As I am working with a multilingual model, I want to be as diverse as possible in the evaluation phase. Therefore, I want to have documents from both the training and the dataset, in different languages, but also, if possible, documents that it has never seen, in a language present in the dataset but also unknown languages, to see how he manages to deal with the issue of multilingualism.
The dataset
The dataset has been made from documents of the EHRI project. To obtain more information about it, see https://flochiff.github.io/phd/dataset/ehri/dataset.html
Token and alphabet analysis
To reproduce my token error analysis with the EHRI dataset, I first need to do a token analysis. However, I am working with a multilingual dataset, so I am also adding an alphabet analysis because even though the languages are in Latin script, they all have some unique diacritics, which could be interesting to explore.
Obtaining data
The method
For this analysis, I needed two different elements:
- The distribution of occurrences of the alphabet in the training data, in total but also by language;
- The distribution of occurrences of the bigrams, trigrams and tetragrams in the training data, in total but mostly by language.
For the first task, I used a simple script that would count the character from each language set that I would submit. Once it was done, I cleaned the data retrieved to remove the occurrences of punctuations and numbers, as I am only interested in learning about the alphabet in this experiment, and then I entered all this data in a single table, combining all the languages and adding 0 in the case where one character from the alphabet in one language was not found in the alphabet of another language.
For the second task, I followed the same method that I had used during the token analysis of d’Estournelles’ dataset. I retrieved bigrams, trigrams and tetragrams from the training data. I centralized them in a general document where all the languages were mixed, but I also retrieved them language by language (which can be found here, in order to create comparison between languages (the various results can be found here). To do that, I retrieved the most and least common n-grams in each language and I used a script similar to the one I had used during the token analysis to retrieve the common n-grams between languages.
The results
- Distribution of the alphabet by characters (Multilingual model EHRI)

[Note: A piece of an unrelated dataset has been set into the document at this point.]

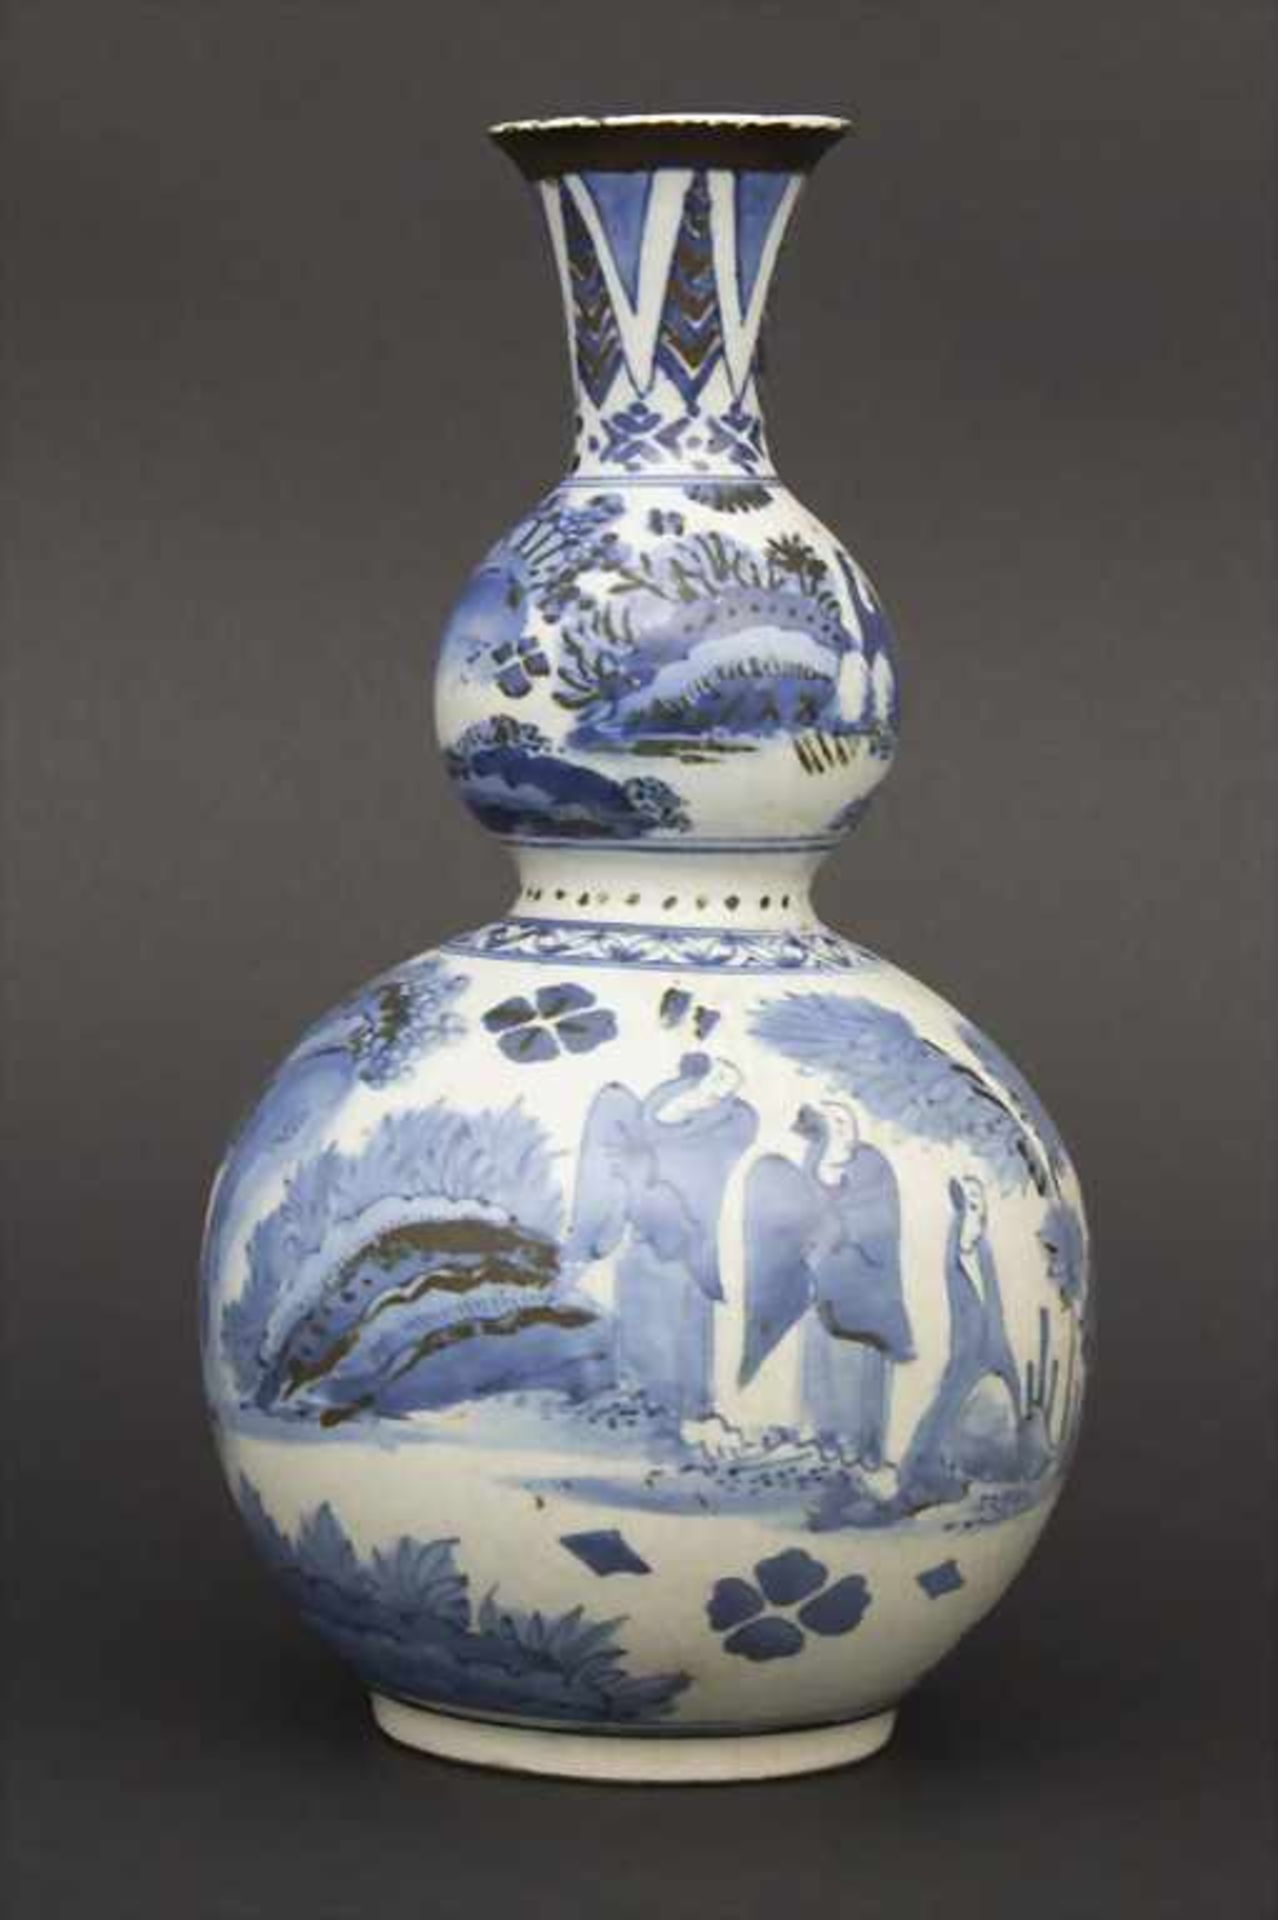 Ziervase / A vase, China, Ming/Qing- Dynastie - Image 3 of 7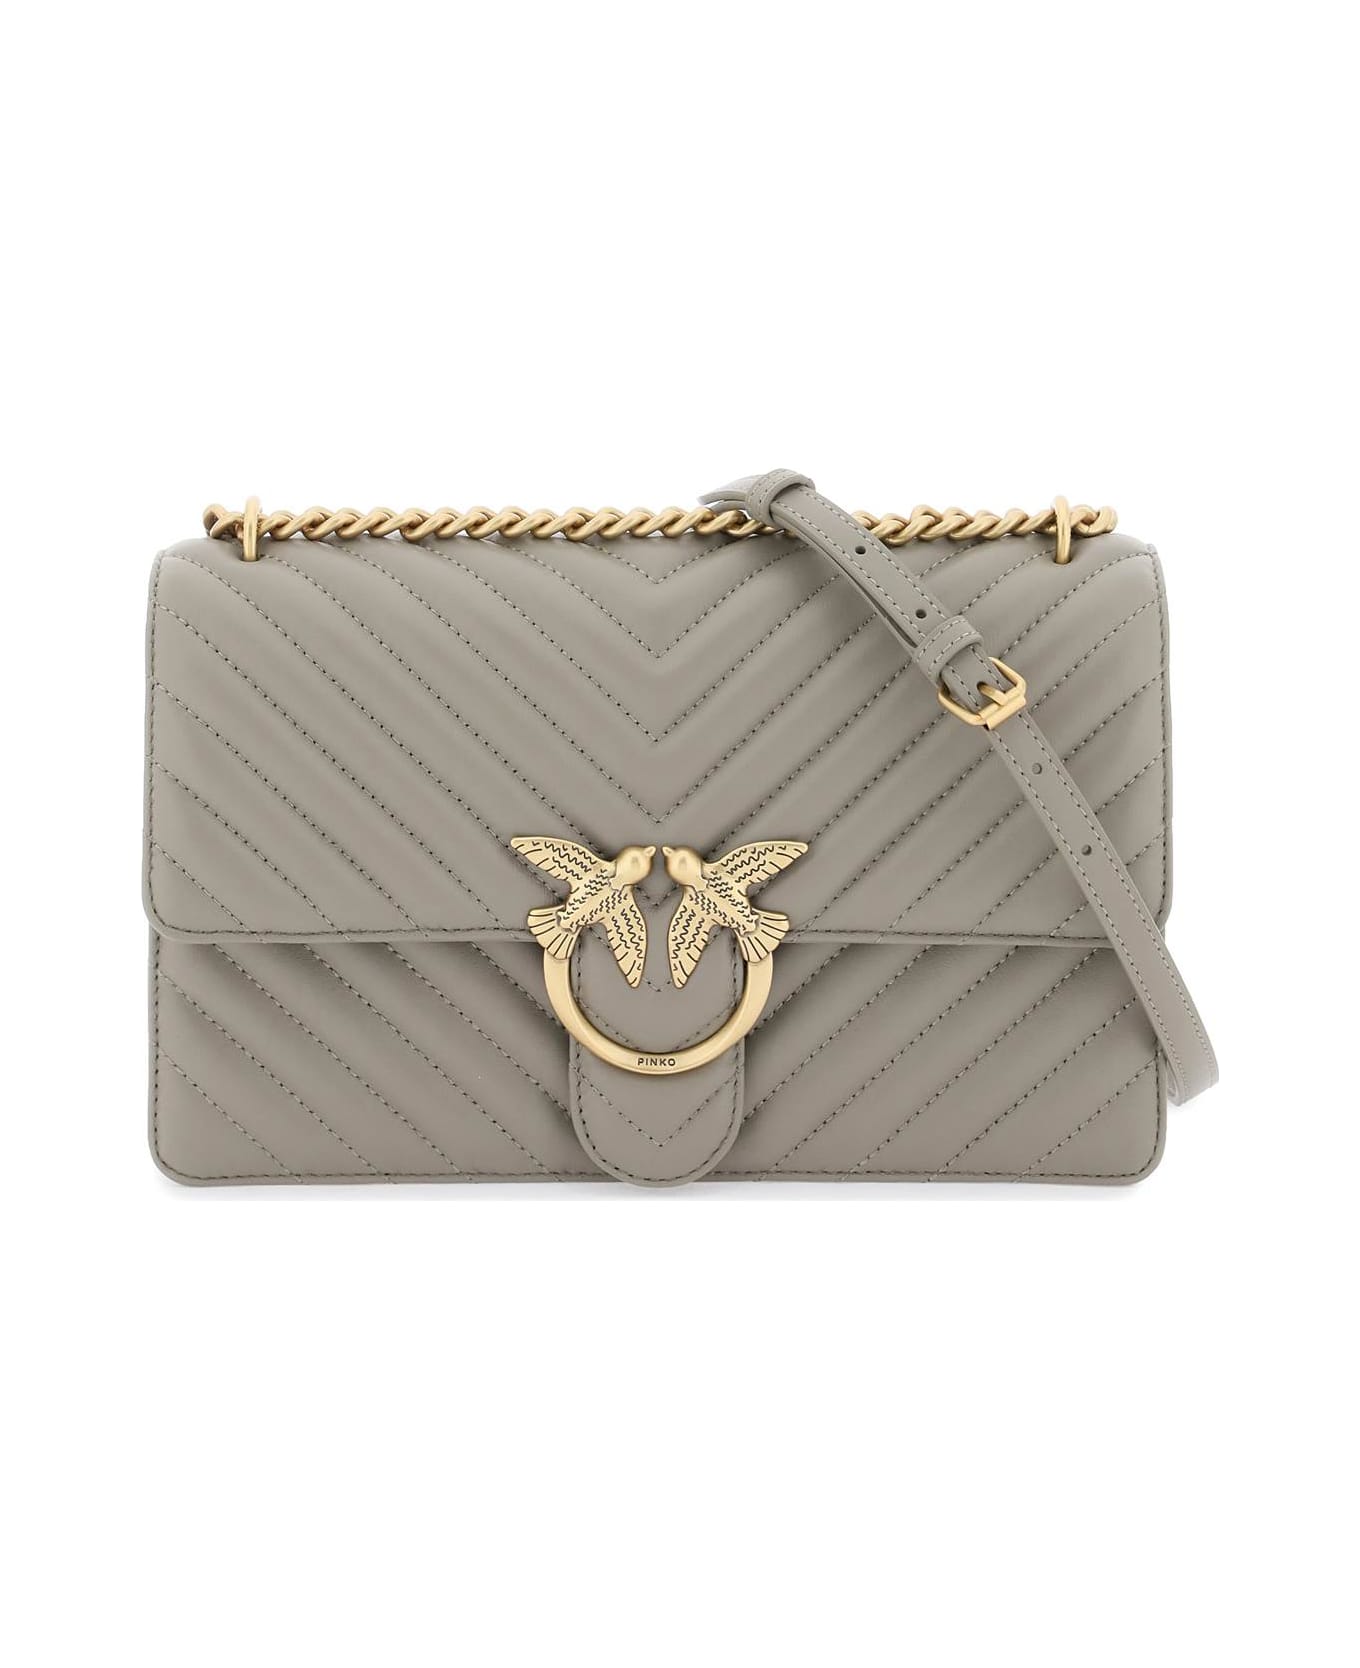 Pinko Classic Love Bag One - Noce-antique Gold

- Distribution of the alphabet by language (Multilingual model EHRI)
- General distribution of the alphabet (Multilingual model EHRI)
- Heatmaps of common ngrams (Multilingual model EHRI)
The presentation of the content
General distribution of the alphabet
This table presents the distribution of the alphabet: the rows present the characters (and are classified from the highest number of occurrences to the lowest number) and the columns present the language. Then, in each cell is the number of occurrences of the characters in the language of the column. The last row of the table gives the total of characters for each language, and the last column gives the total of occurrences of the character of the row. Then, this table was transformed into a heatmap to observe the distribution of characters but also some special cases : the coloring was applied to the whole table with no distinction and the redder a cell is, the highest its occurrence number.
Distribution of the alphabet by characters
This table presents the distribution of the alphabet by character, which means that the rows are classified from the highest number of occurrences of a character in all language combined to the lowest number. Then, for each character, there is the distribution of occurrences among the languages. For each column, the number of occurrences of the character has been divided by the total number of occurrences of the character, which was then transformed into a percentage. Finally, this table was transformed into a heatmap, as a way to observe more easily some distribution between language: the redder a cell get, the highest the percentage.
Distribution of the alphabet by language
This table presents the distribution of the alphabet by language, which means that the rows are classified into alphabetical order. Then, for each column, the number of occurrences of the character has been divided by the total number of characters in the language of the column, which was then transformed into percentage. Finally, this table was transformed into a heatmap, but this time, contrary to the previous heatmap, the coloring is not general to the whole table, but it is done by language. This means that, in a column, the redder a cell gets, the more present this character is in the language set.
Heatmaps of common ngrams
Here, there are three tables, one for each size of n-grams (bigrams, trigrams and tetragrams) and each table is divided in two parts: one for the most popular tokens (red) and one for the least popular tokens (green). Those tables are cross tabulation as the rows and columns have the same values, which explain that there are seven black cells in the table, as no comparison can be done with the same language. In those tables, the number in each cell indicate the number of n-grams that the two languages had in common. Then, a heatmap was added for both parts, to observe more easily the cases where many n-grams were in common between two languages.
Observations
Alphabet analysis
It is possible to observe many things from the alphabet heatmaps, the tables completing each other or sometimes bringing context to understand it more easily.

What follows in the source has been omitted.